Amphibole breakdown rim textures as archivists of pre-eruptive magmatic processes

Amphibole phenocrysts are common in intermediate to felsic magmas where they record information on magma evolution through breakdown rim textures marking shifts in pressure, temperature, volatile concentrations, oxygen fugacity and melt chemistry during ascent. Our ability to track these variables throughout the volcanic plumbing system (e.g., via phase equilibria experiments, geothermobarometry, disequilibrium textures, melt inclusions) has provided the means for interpretating eruption trigger mechanisms, yet a lack of calibrated data on their influence on amphibole stability (and thus reaction rim formation) makes unambiguously distinguishing the mechanism problematic. One such elusive example is the role of CO2 flushing, deemed a likely phenomenon in magmatic systems, precluding an accurate interpretation of natural rim formation, previously assigned to decompression or heating. We performed high-temperature (830–880ºC), high-pressure (120 MPa) experiments to investigate the effects of XCO2 (0.3–0.7) on amphibole reaction rim development in H2O-saturated silicic magmas in shallow volcanic systems, providing new insights for interpreting amphibole rim textures.
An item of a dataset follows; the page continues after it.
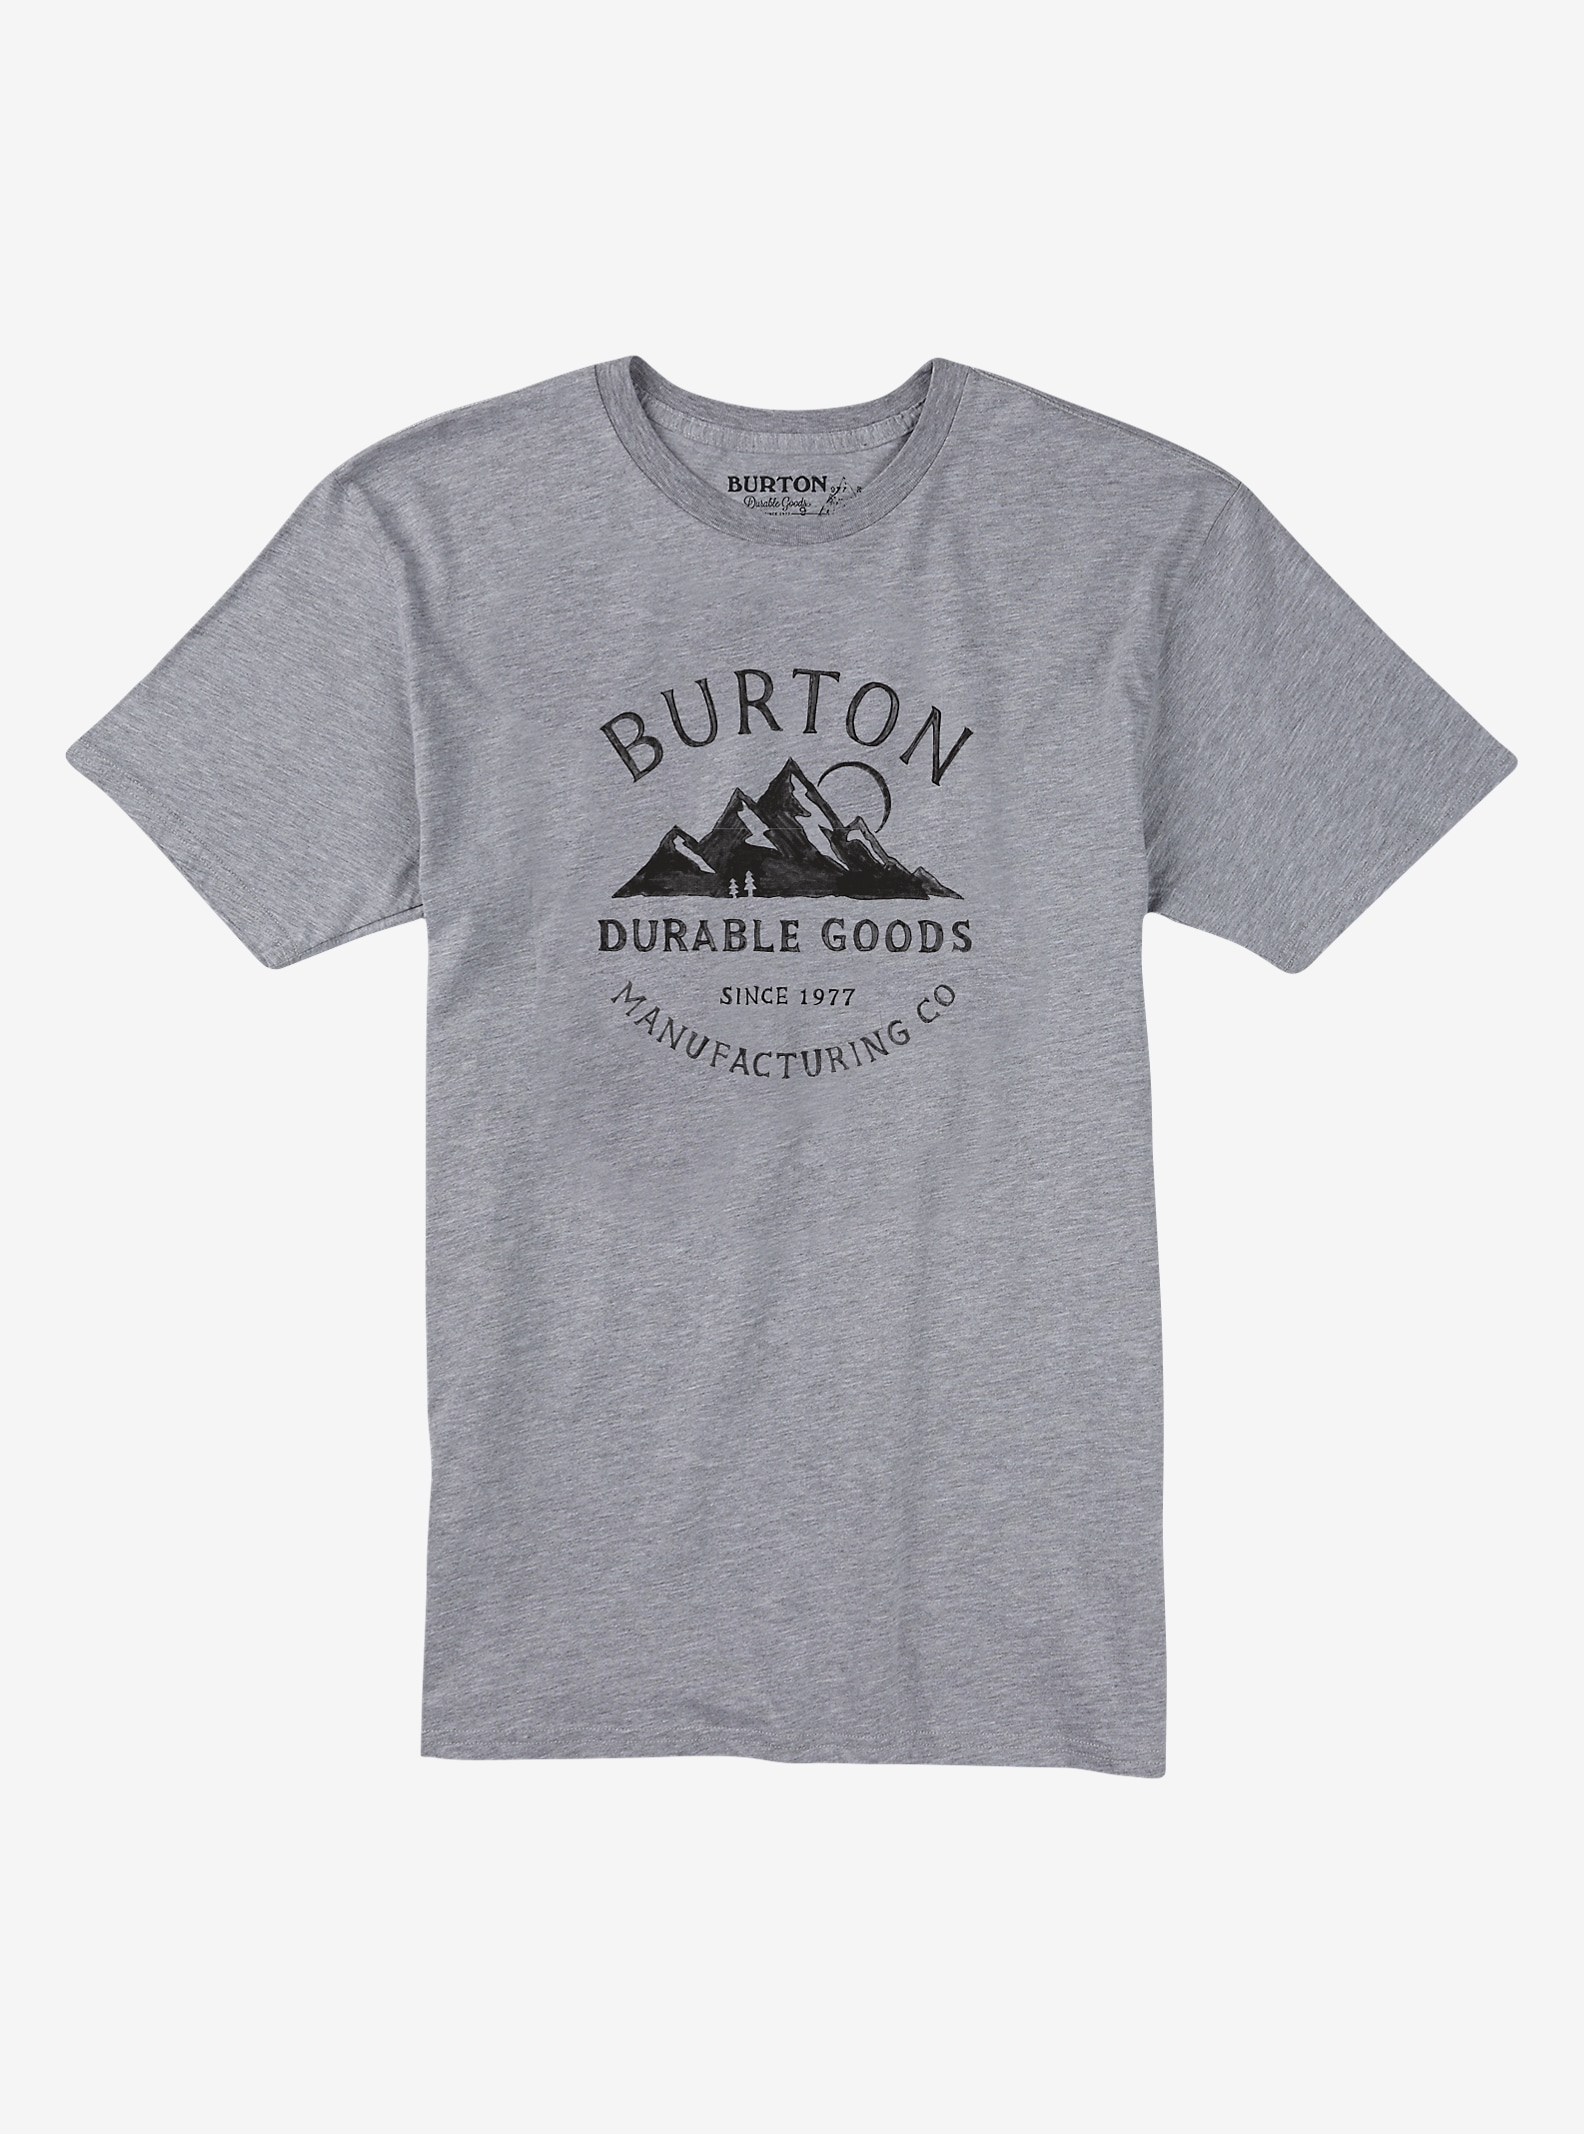 Burton Overlook Short Sleeve T Shirt shown in Gray Heather

Our experiments quantify the significant impacts of CO2 on rapidly triggering amphibole breakdown over shorter timescales compared to heating or decompression. 2D textural analysis of the breakdown rim microlites reveal that crystal size, aspect ratio, number density and preferential alignment, together with mineralogy, can be related to a distinct breakdown mechanism. Furthermore, we apply high-resolution electron backscatter diffraction (EBSD) analysis to >100 experimental and natural amphibole reaction rims (Soufrière Hills Volcano, Unzen Volcano, Bezymianny and El Misti). Quantitative mapping reveals systematic variations in crystallographic orientations of the rim microlites relative to the host amphibole, enabling the development of an EBSD criteria that differentiates decompression-, heating-, and CO2-induced amphibole breakdown. The distinct textures produced provides new markers and a new framework for the interpretation of natural rim formation processes. Application of this new quantitative approach over a range of magmatic systems worldwide will improve interpretations of intensive parameters, ascent paths, eruption triggers, and amphibole stability from crystal record archives.